NASA and Boeing prepare for the second Starliner test flight

KENNEDY SPACE CENTER, Fla. — Boeing’s CST-100 Starliner spacecraft is set to attempt another uncrewed test flight to the International Space Station, and both the company and the agency have expressed confidence in the spacecraft despite the past problems.

The Starliner spacecraft, atop a United Launch Alliance Atlas 5 rocket, rolled onto the pad at Space Launch Complex 41 in Cape Canaveral, Florida, on May 18. Launch of the spacecraft on the Orbital Flight Test (OFT) 2 mission remains scheduled for 6:54 pm ET May 19.

In pre-launch briefings here, NASA and Boeing officials said they weren’t dealing with any technical issues before launch, and weather forecasts project a 70% chance of acceptable launch conditions. A backup launch opportunity is available on May 20 at 6:32 pm ET, although weather forecasts project only a 30% chance of acceptable weather.

According to the mission plan, Starliner will dock with the station about 24 hours after liftoff. She will remain there for several days for tests before undocking and landing at White Sands Space Harbor in New Mexico. The mission will last 5 to 10 days, depending in part on weather conditions at the landing site.

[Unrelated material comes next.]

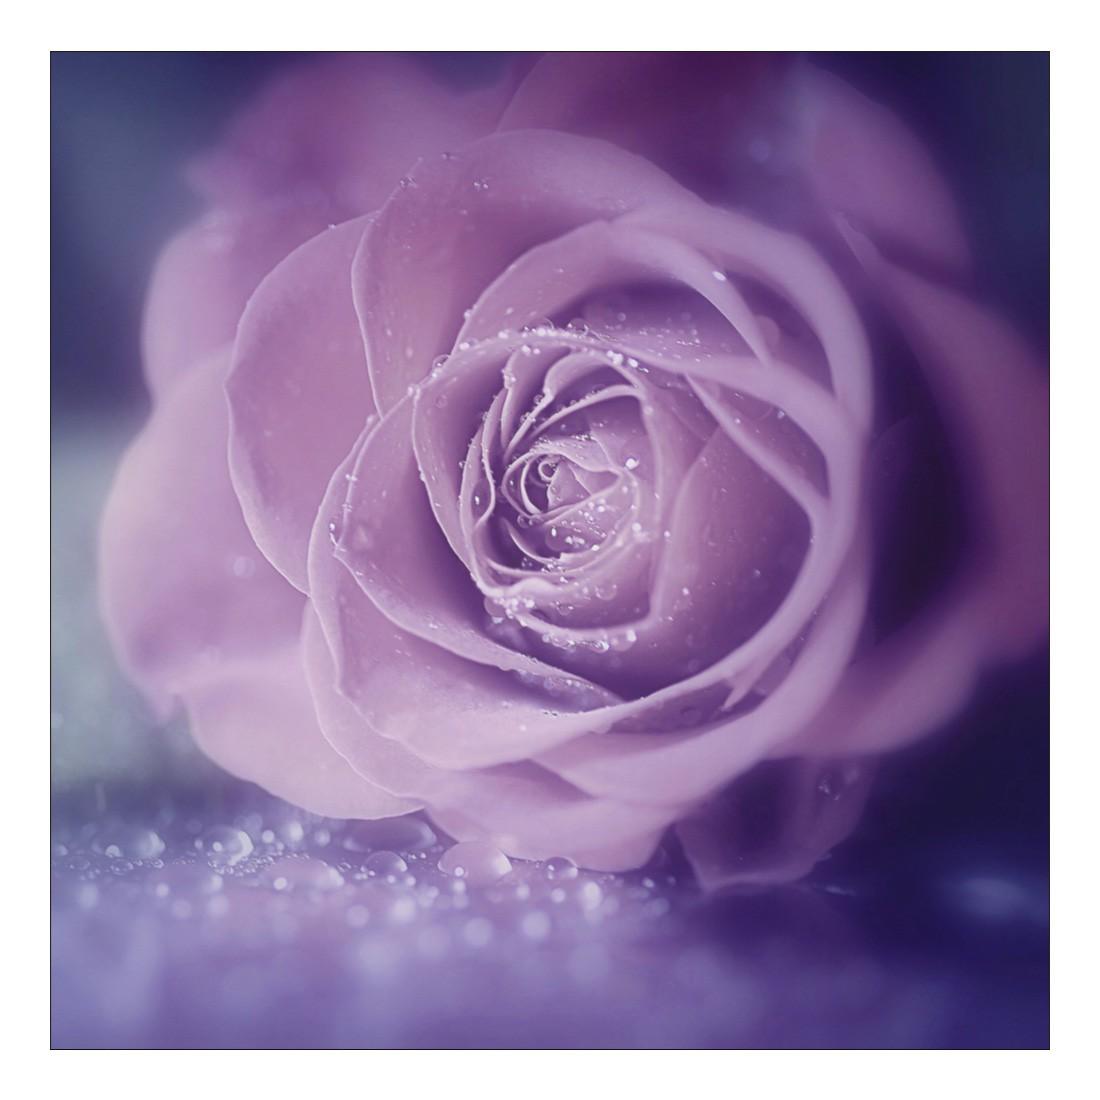 Leinwandbild PINK WET MACRO ROSE – Abmessung 100 x 50 cm, Gallery of Innovative Art günstig online kaufen

This will be the second attempt to launch OFT-2. The initial launch in August 2021 was canceled hours before liftoff when propulsion valves in the spacecraft’s service module failed to open when ordered. Engineers discovered that the valves had corroded shut, causing an extended mission delay. NASA and Boeing later concluded that the nitrogen tetroxide propellant, seeping through the valve’s Teflon seal, reacted with ambient moisture to create nitric acid that corroded the valve’s aluminum elements.

This mission comes nearly two and a half years after the original OFT mission in December 2019. The spacecraft suffered problems immediately after separation from the rocket because a mission event timer on the spacecraft was not set correctly. Engineers also discovered a software problem that could have caused the spacecraft’s service module to collide with the crew module again after separation just before re-entry, fixing it with only a few hours to spare.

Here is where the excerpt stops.